Before copying, set the pictures aside; then repeat every line below verbatim.

Top of AVAILABLE DATA

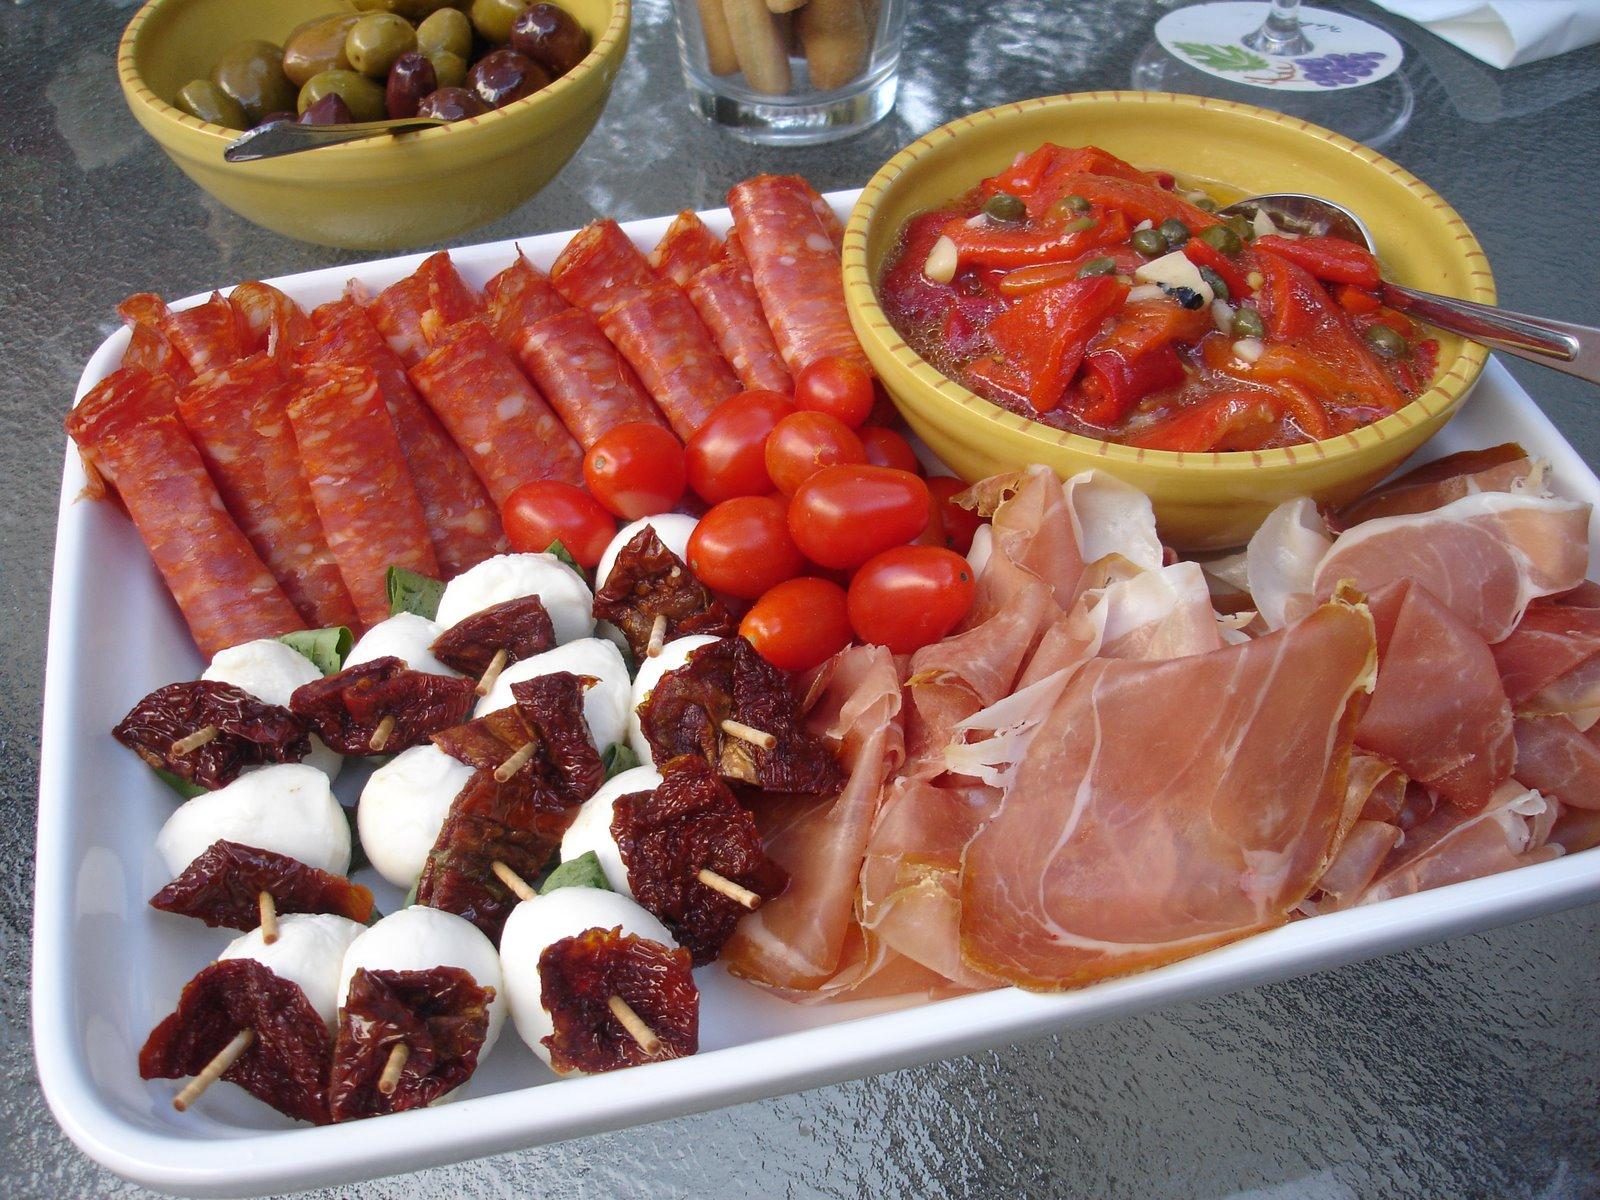 Italian cuisine tuna toast Ina garten appetizer platter
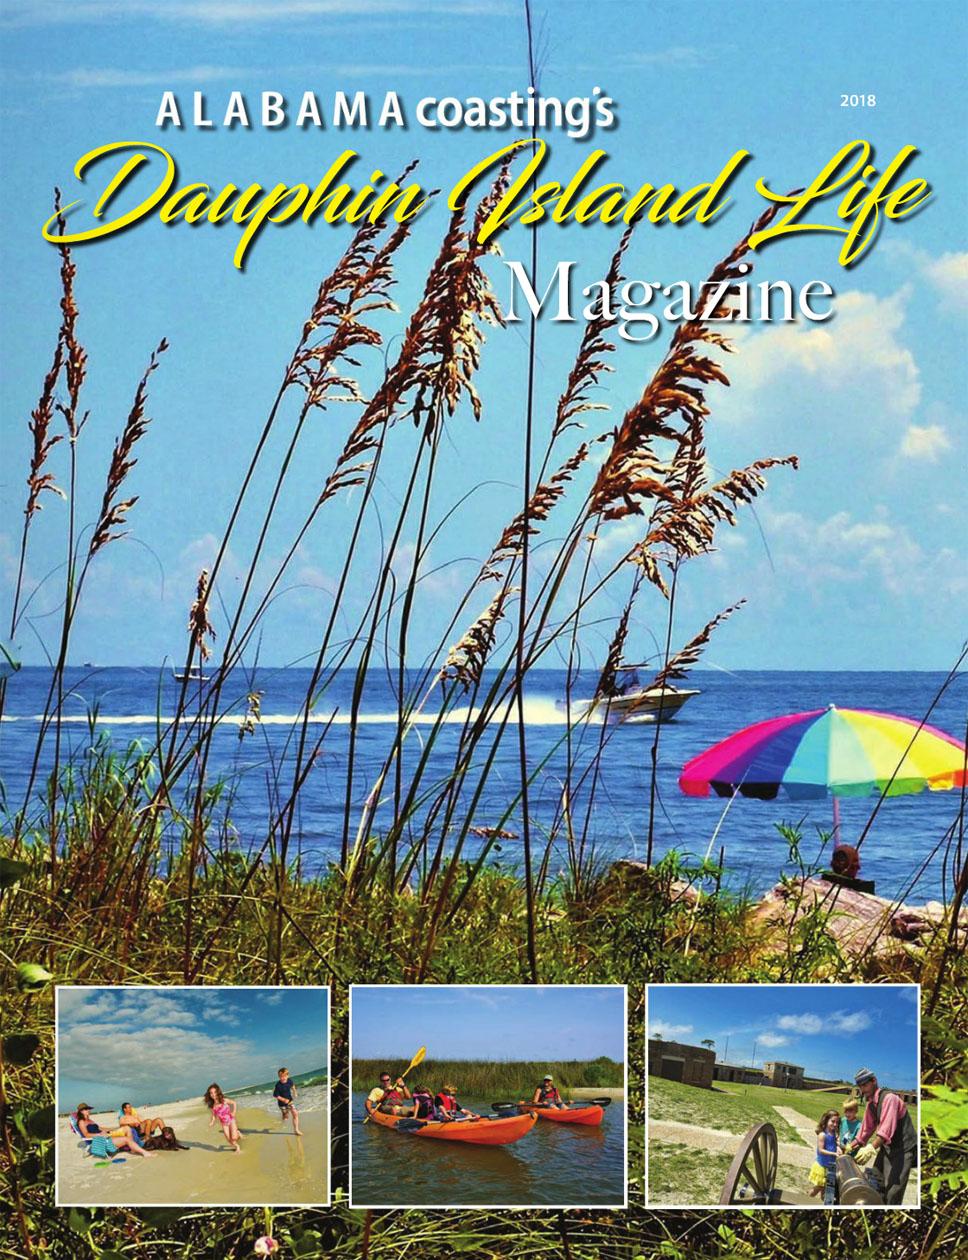 Alabama Coasting Magazine Dauphin Island Life 2018
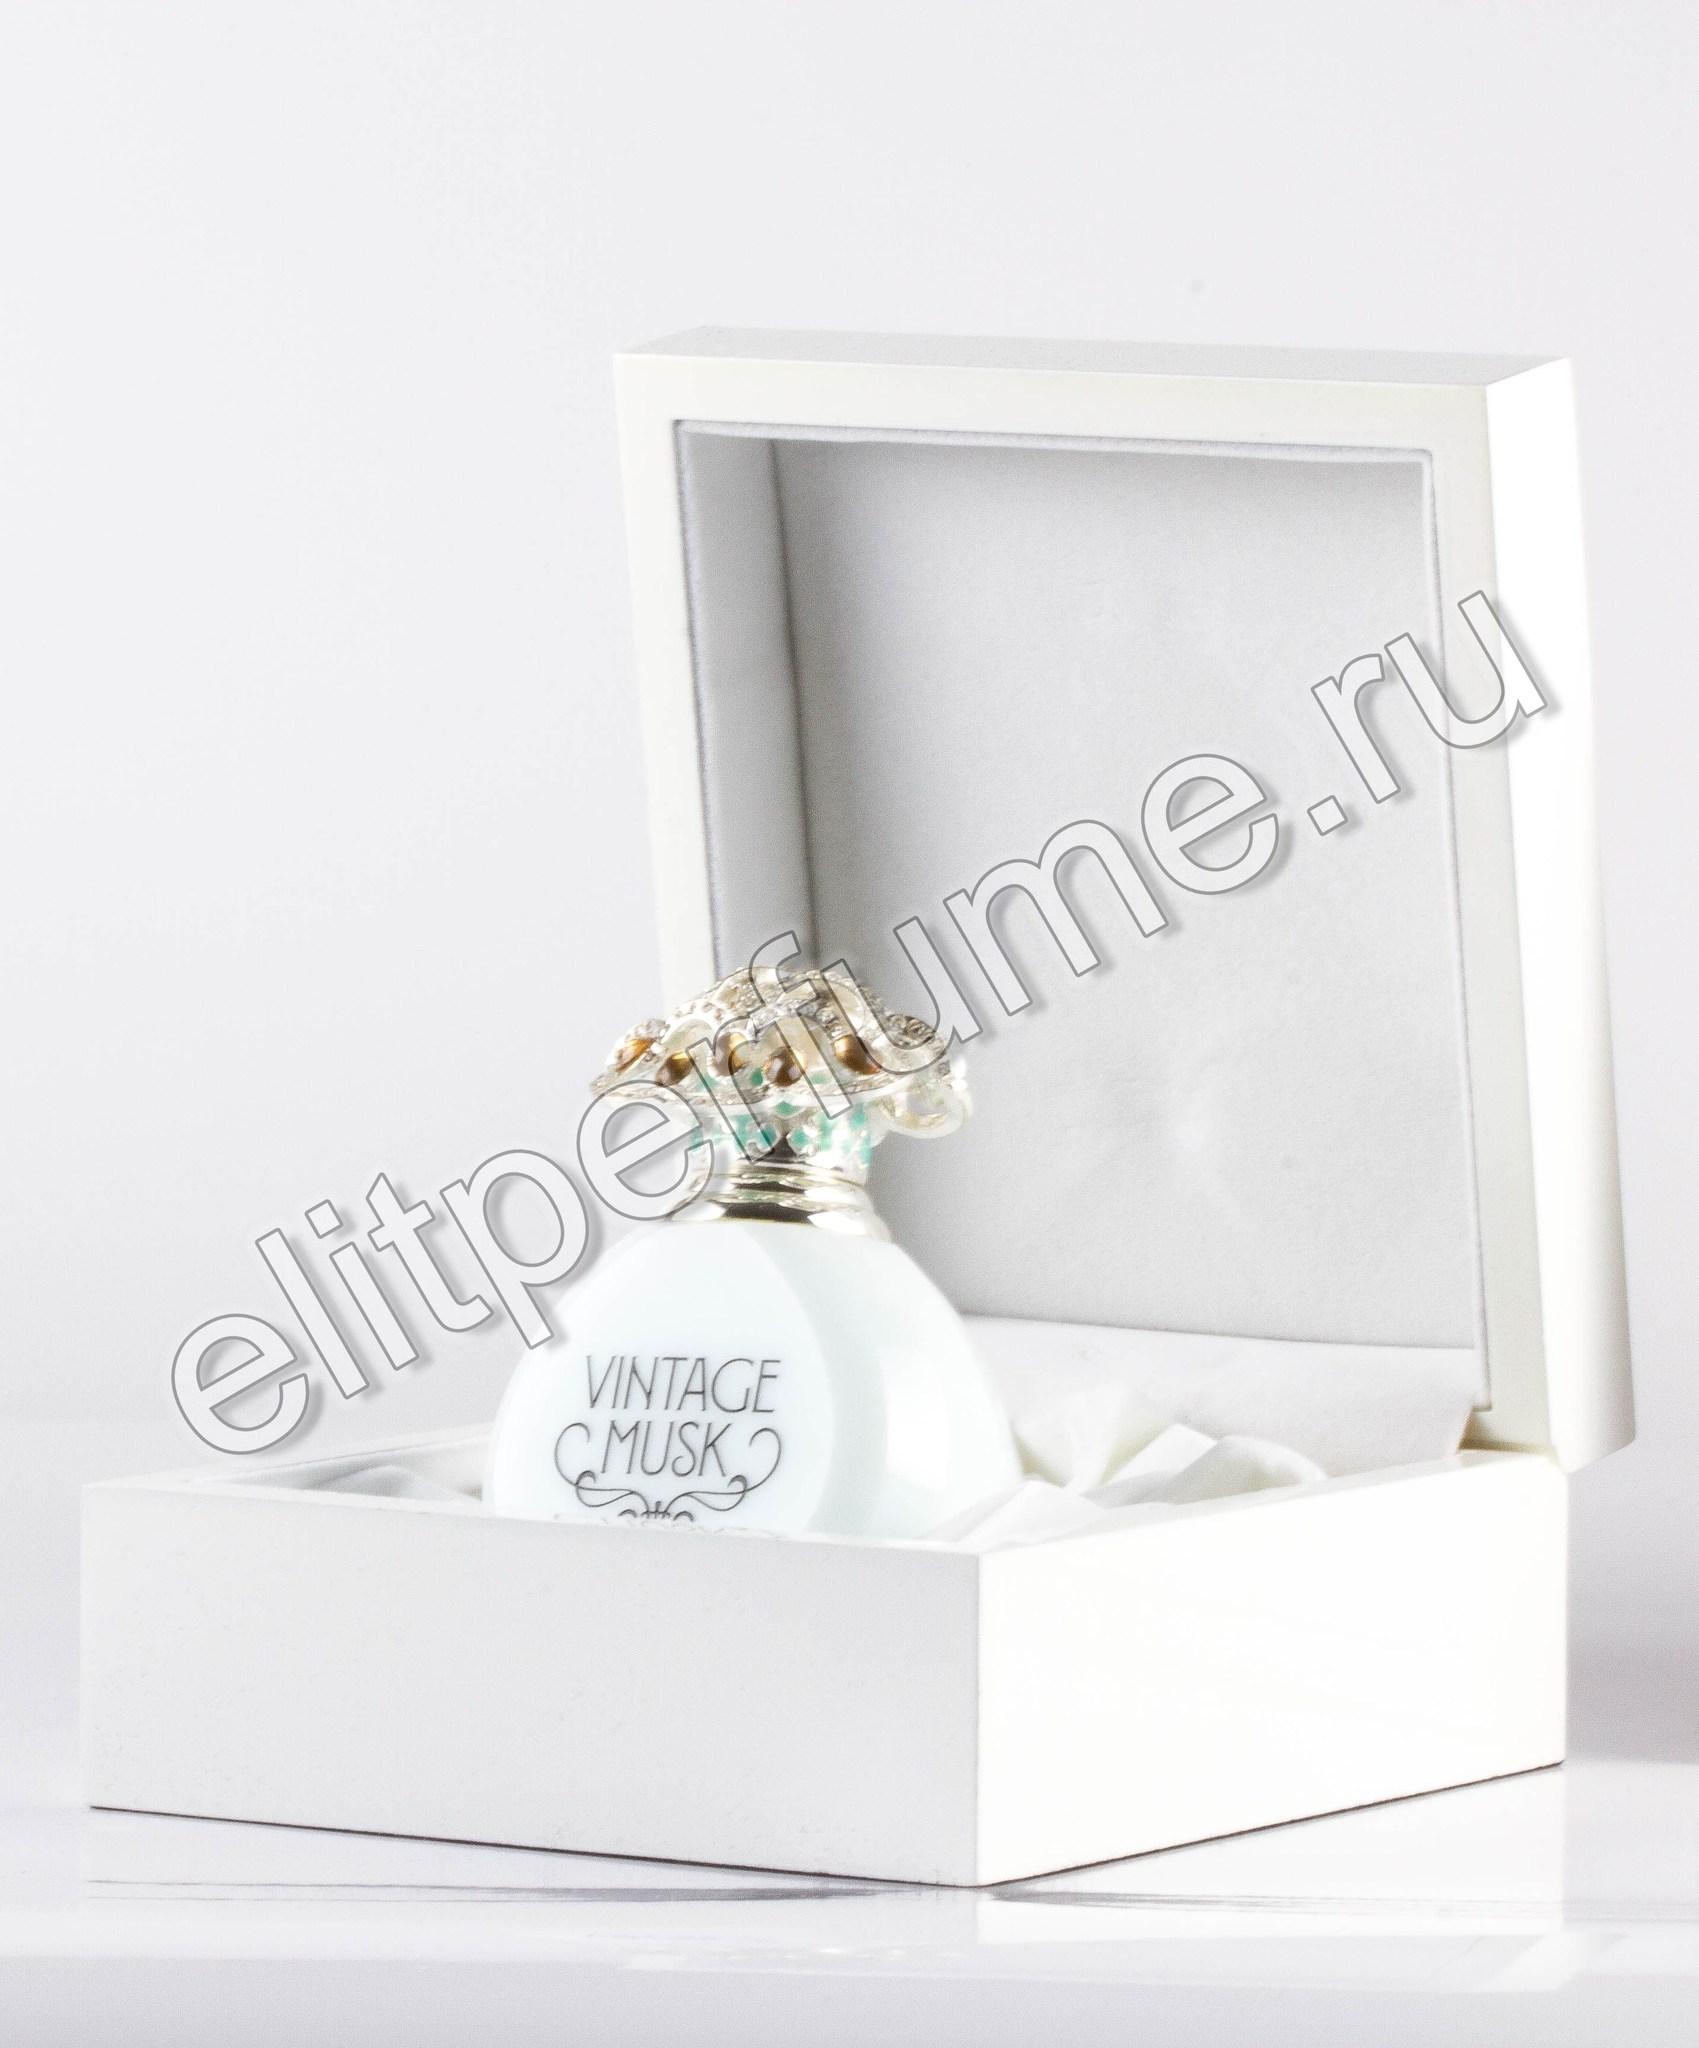 Vintage Musk  Винтаж Муск 12 мл арабские масляные духи от Арабеск Парфюм Arabesque Perfumes

Bottom of AVAILABLE DATA

## ANSWER
 Italian cuisine tuna toast Ina garten appetizer platter
 Alabama Coasting Magazine Dauphin Island Life 2018
 Vintage Musk  Винтаж Муск 12 мл арабские масляные духи от Арабеск Парфюм Arabesque Perfumes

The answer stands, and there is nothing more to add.